I'm also interested in what the small three wire connector does as the USB to serial chip would be used if the handset was to be used as a pass through.  The fact you could have either an EQDIR cable connected to the PICs serial port, or use the USB port suggest that the TX and RX must be linked, and that three wire could be the TX/RX and GND from the onboard USB/TTL serial chip.   Anyway, its almost 1.30am so time I retired to bed !

 

My gut feeling is that whatever vaporised the Ferrite bead may have also blown the PICs Euart and I lack the skill, tools and eyesight to remove the 80 pin package, fit a replacement and then program it !

Edited January 25 by malc-c

[Trickysystems]

Malcolm,

Just a little more snooping between my two hand controllers. The added diode in one simply is a replacement for D4, so maybe just an upgraded component for extra current? The IC that is vaporised on your controller has AJ3 as the marking and appears to be a DFN8 package. Without checking the tracks, I am uncertain of the actual type of device or the function. Note that the other hand controller I have does not have that IC present. I'll try and figure out the differences between the two circuits. Perhaps it might be possible to bypass it completely? J8 on the controllers appears to be the ICSP for the PIC. I'll check further to confirm if that is the case.

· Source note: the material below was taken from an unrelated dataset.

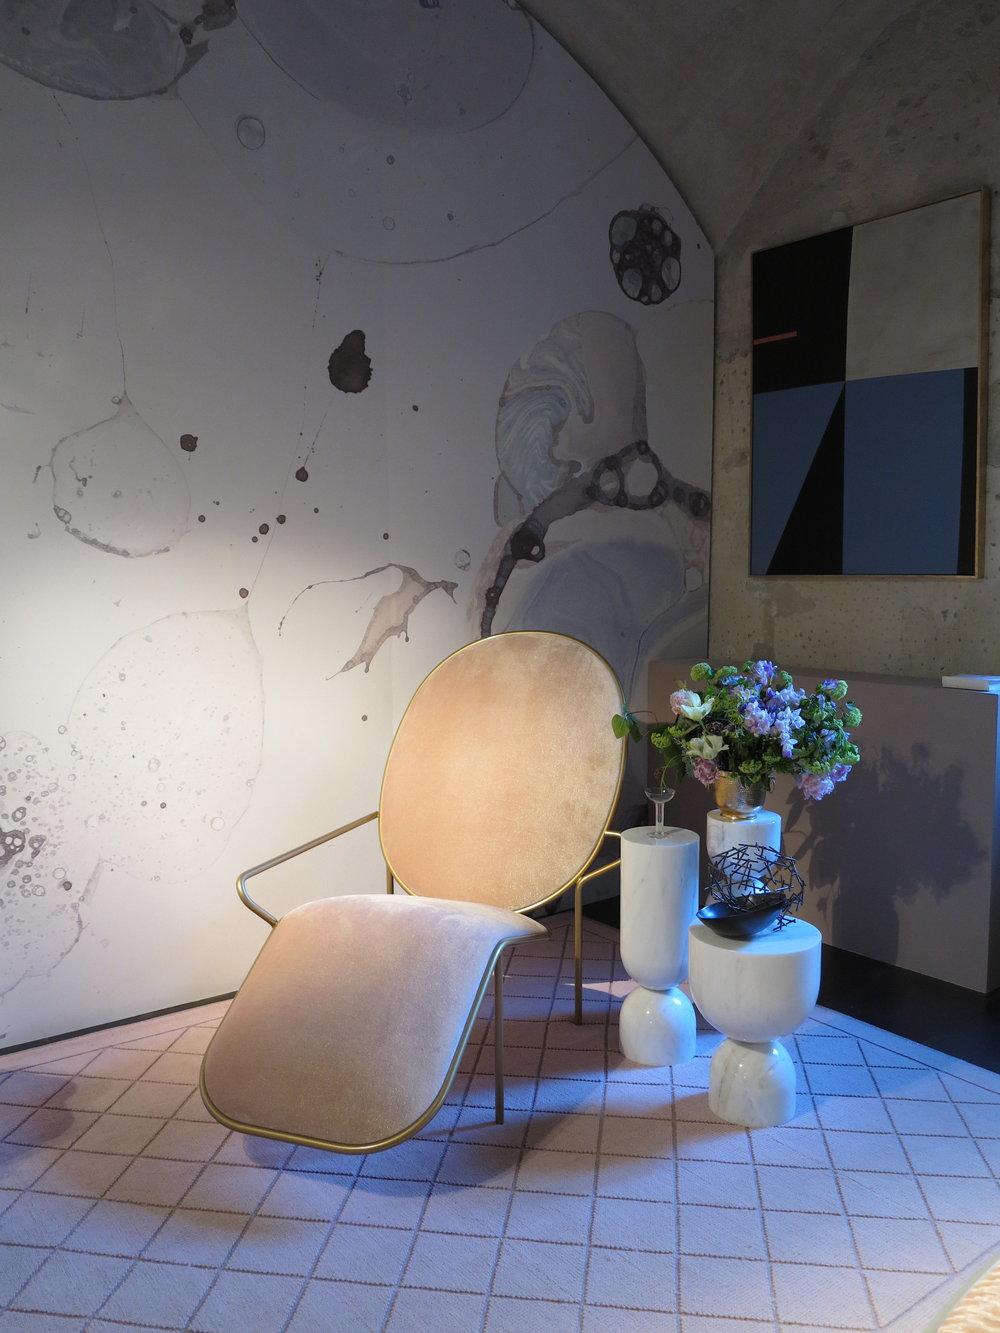 Sè  installation at Rossana Orlandi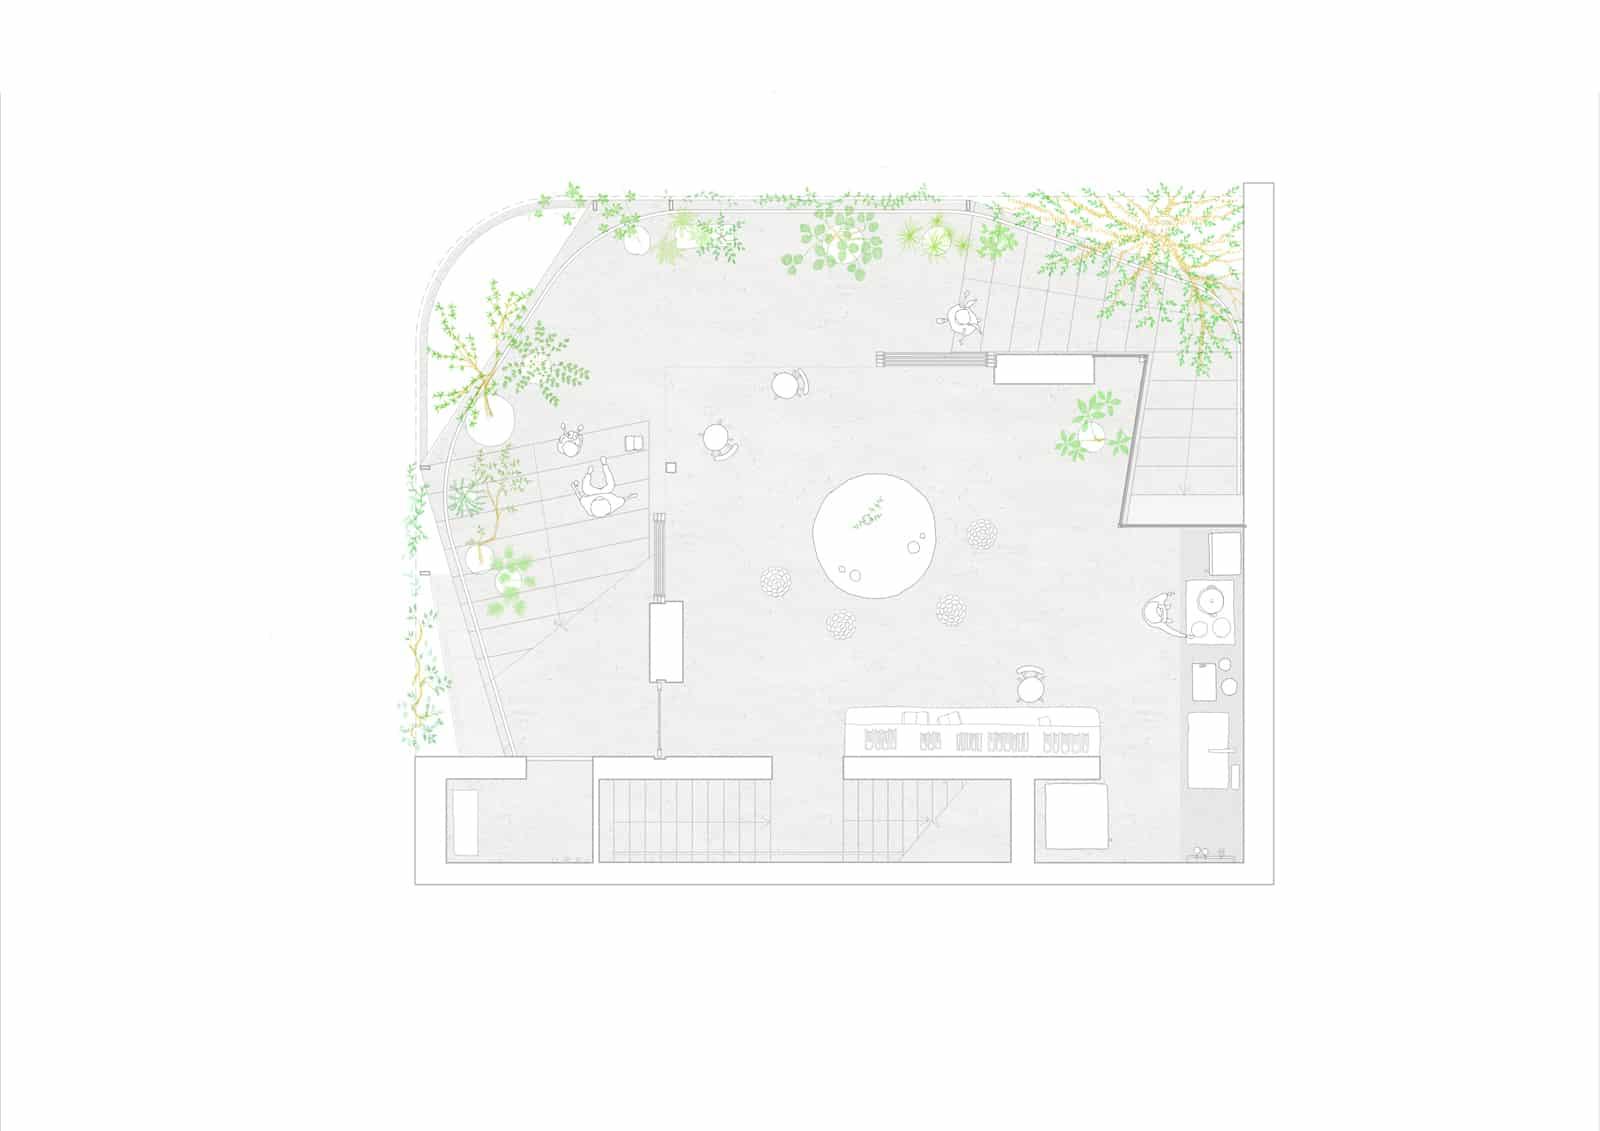 Weather House  - 20210827 NotArchitecsStudio WeatherHouse 11.2 58

If the controller does not prove repairable, then an alternative is to remove it and put in a wireless or BT adapter in place of it to control the motors.

Richard

[malc-c]

Thanks for the images, and ID of the part U6.  Like a lot of parts in Chinese electronics those that do have labels are often non traceable.  But even then if I could find out what it is I don't have the tools to replace it.  My logic was that regardless of which port is used the TTL signals end up at one of the two USARTS on the processor, so once a suitable place was found I was going to see if adding a couple of wires directly from the pins of the handset port to the pics serial port pins.  However looking at the datasheet for the PIC18F85J10 I can see that whilst the chip is a low voltage package, the digital pins are 5.0v TTL level tolerant

[MikeAa]

So excessive current flow caused the bead to fail, therefore  something else on the board is faulty?

[malc-c]

2 hours ago, MikeAa said:

So excessive current flow caused the bead to fail, therefore  something else on the board is faulty?

That's my guess too.  Something could fail, allowing a new path for the current to flow, which then has a domino effect allowing higher voltage to reach low voltage components.

[Trickysystems]

The two controllers are very similar, with some rearrangement of components. The blown IC  is replaced by a resistor on the other board. The only SMD device in the same package, with AJ3 marking, was 3AA02/34LC02. This is a Microchip 2K I²C Serial EEPROM. If this is what the device is, I'm not sure what it is doing. Pictures attached of each controller. R18 replaces the IC on the other controller, and some other resistors are added or omitted between the two controllers. Both controllers are version 5, yet slightly different. Both have the USB connector on the hand unit.

J8 pins connect to the correct pins on the PIC to enable ICSP.

It is looking like a better option is to replace the hand controller, or use a BT or WiFi adapter. Controllers seem to be available on the second hand market from time to time.  Although my engineering past makes me want to know what went up. All ICs and transistors are encapsulated with smoke, so that is the indicator they have failed, at least that is what I was taught...

 

[malc-c]

That's very interesting.. I wonder what that small 8 pin package does.  It does seem that the same via's are all connected to one side, with the same trace running to the second from left pin on U8.  I wonder which revision came first?

What strikes me is that major manufactures of graphics cards make active schematics and component ids available, but try and get the same from Synta... you have more chance of finding fairy dust !

Anyway, this handset will sit in the draw until someone else ends up cracking a screen or something that can be fixed by swapping parts over. 

 

[Carbon Brush]

Late into the discussion, and only a couple of photos to look at. But maybe relevant.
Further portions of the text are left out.